**Data for the task:**
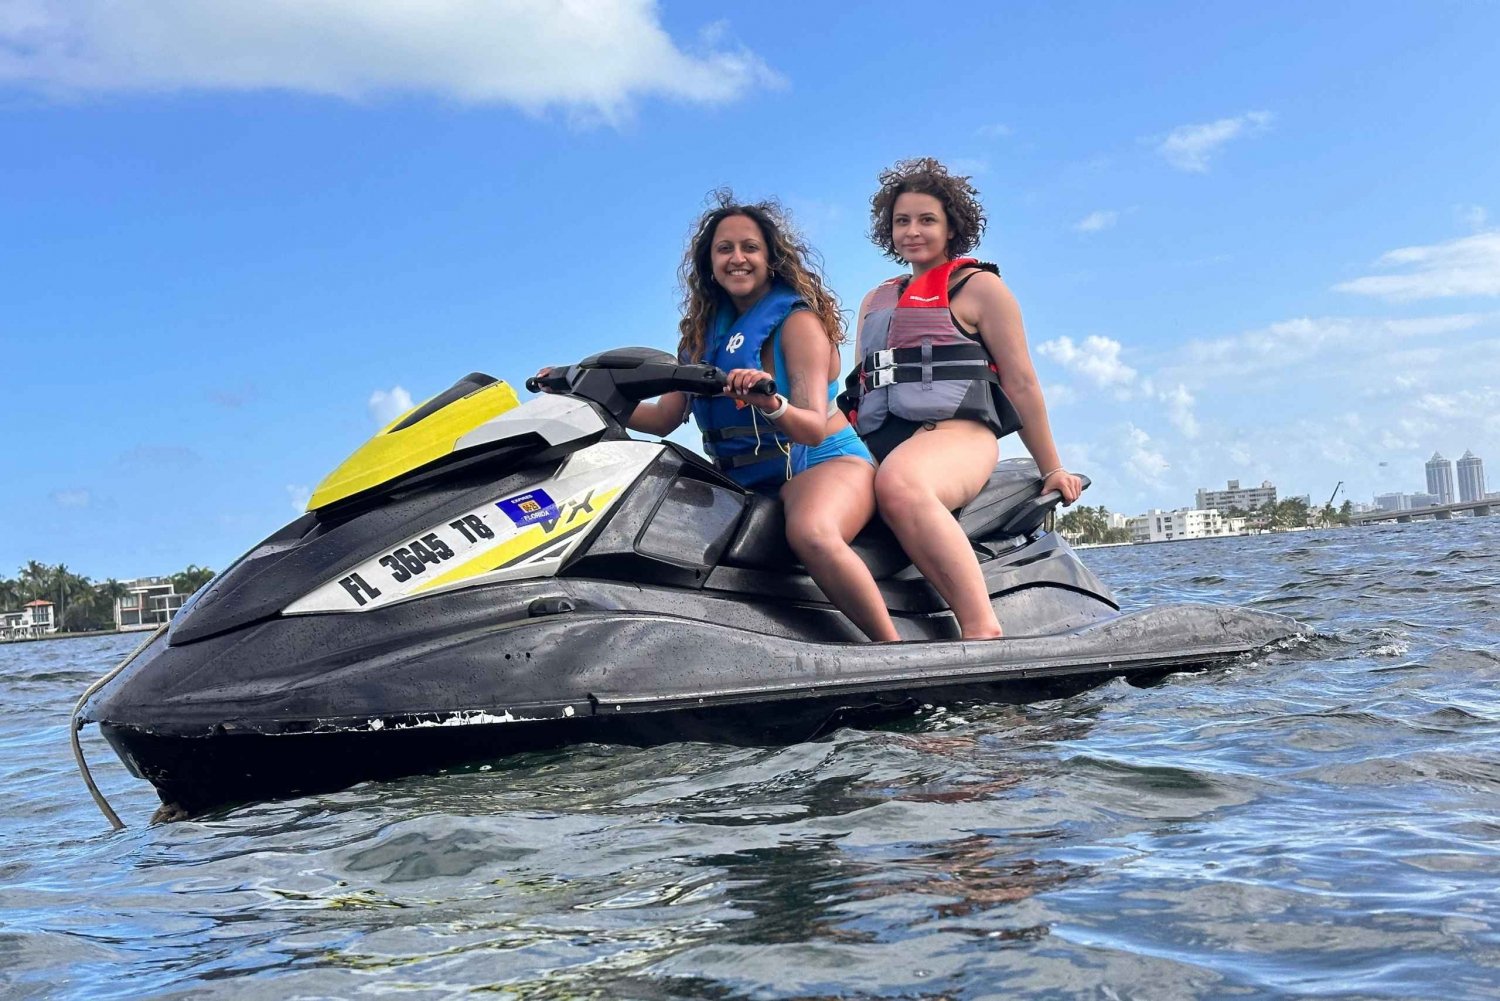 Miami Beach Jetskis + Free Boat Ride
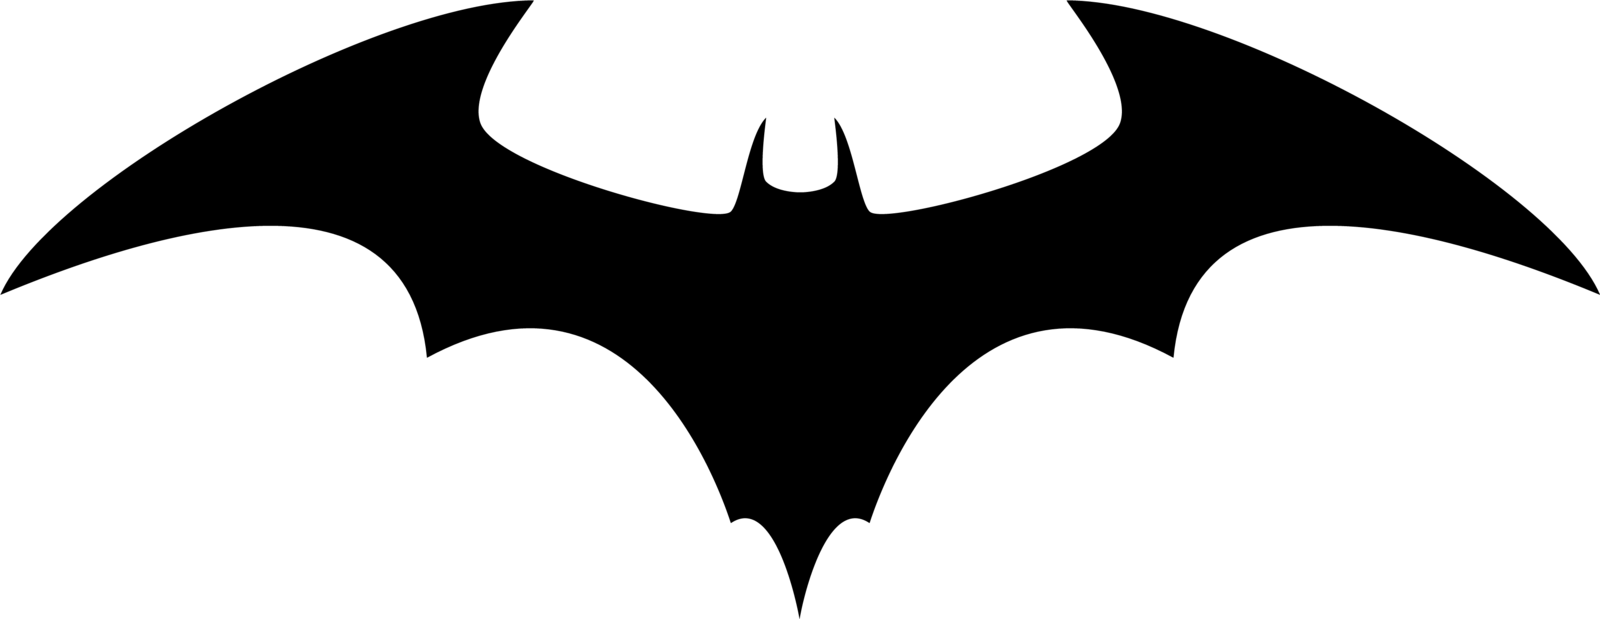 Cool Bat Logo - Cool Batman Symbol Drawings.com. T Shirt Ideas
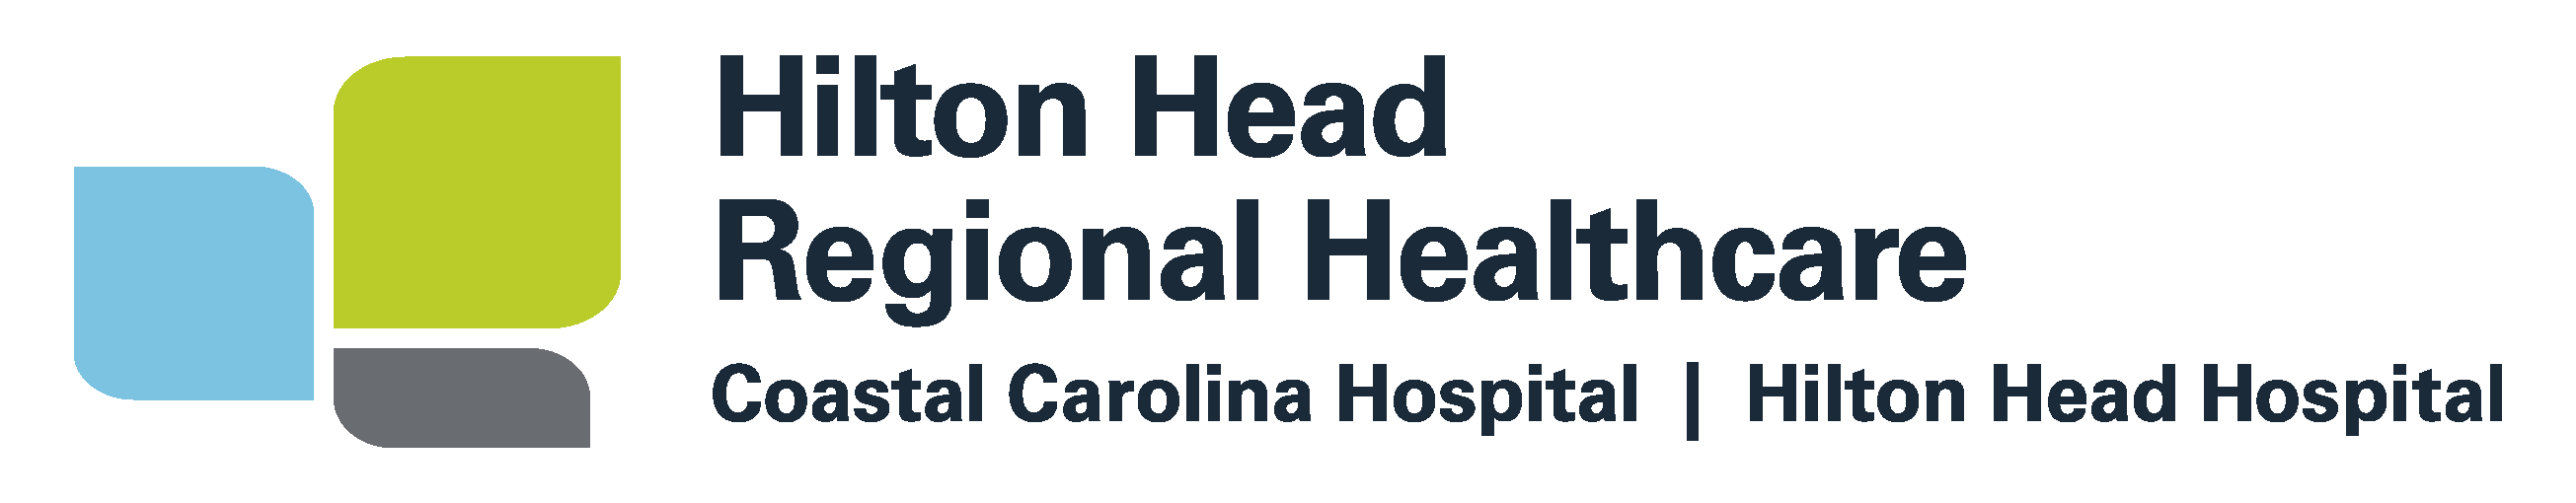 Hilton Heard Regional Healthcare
...
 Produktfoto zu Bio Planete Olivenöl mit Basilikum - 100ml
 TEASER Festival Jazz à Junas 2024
* * *
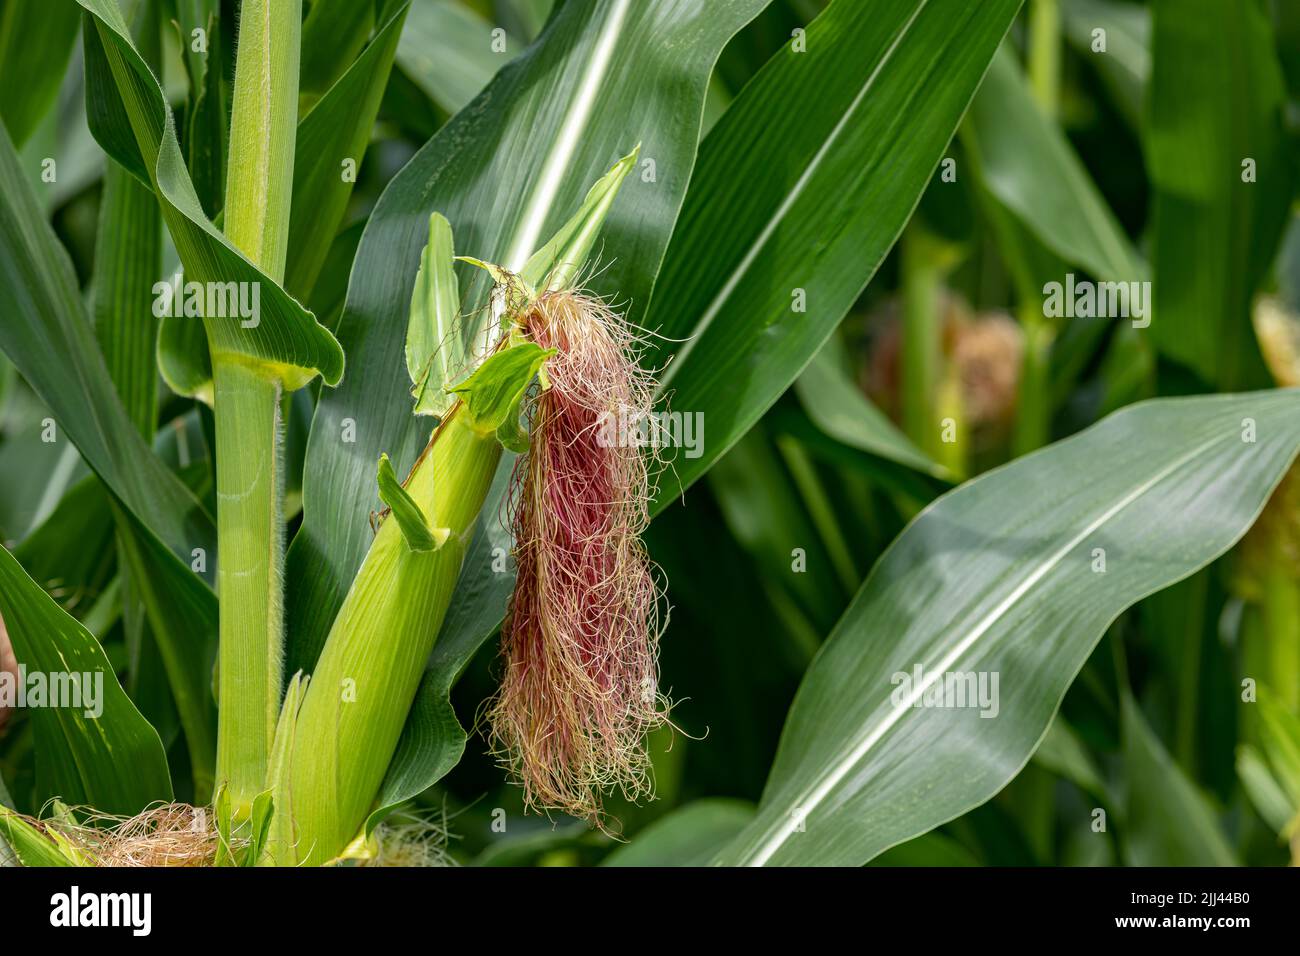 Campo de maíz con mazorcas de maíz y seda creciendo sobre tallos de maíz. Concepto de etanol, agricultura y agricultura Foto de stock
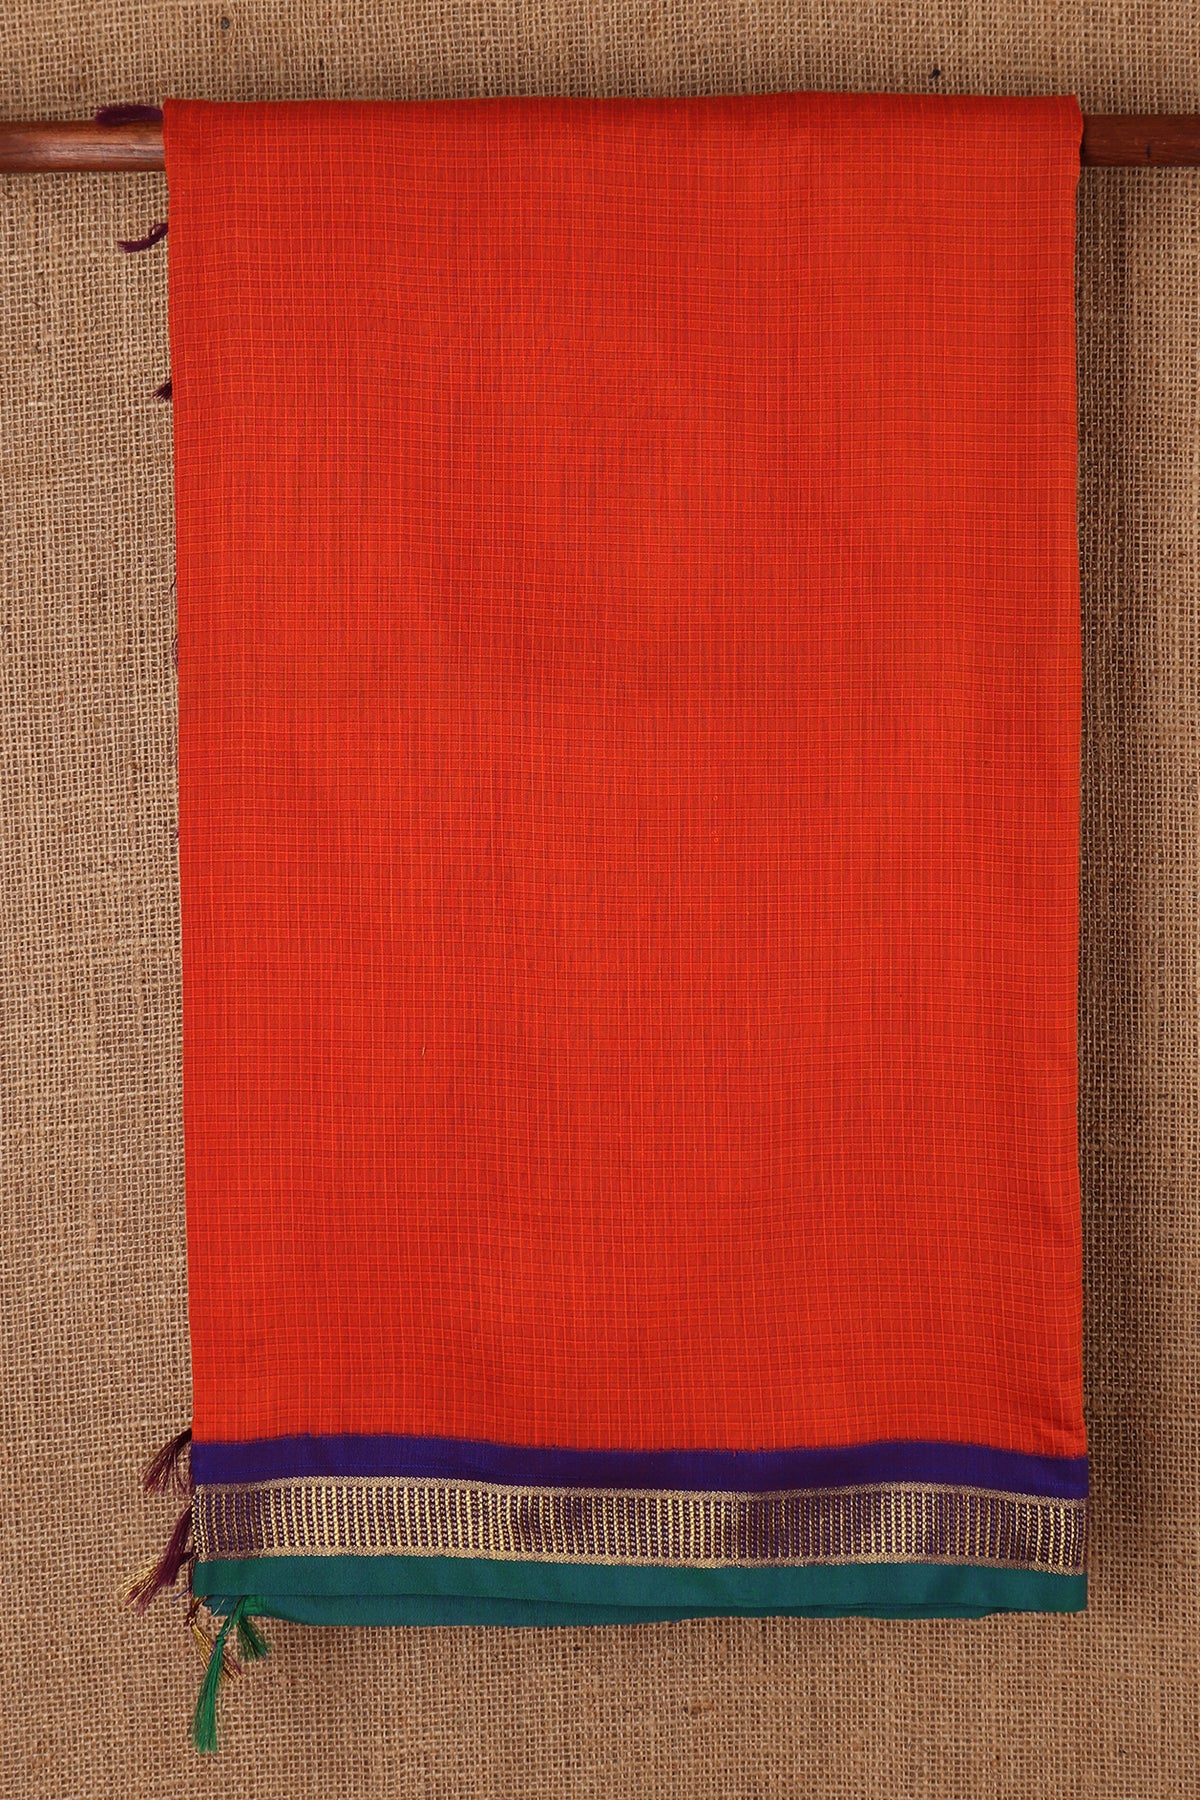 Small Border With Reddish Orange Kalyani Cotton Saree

**Problem requirements:**
An exact copy is needed of the stretch above that opens with the line containing "Campo de maíz" and closes with the line containing "Small Border With"; the pictures are not part of it.

**Response to this task:**
 Campo de maíz con mazorcas de maíz y seda creciendo sobre tallos de maíz. Concepto de etanol, agricultura y agricultura Foto de stock
 Small Border With Reddish Orange Kalyani Cotton Saree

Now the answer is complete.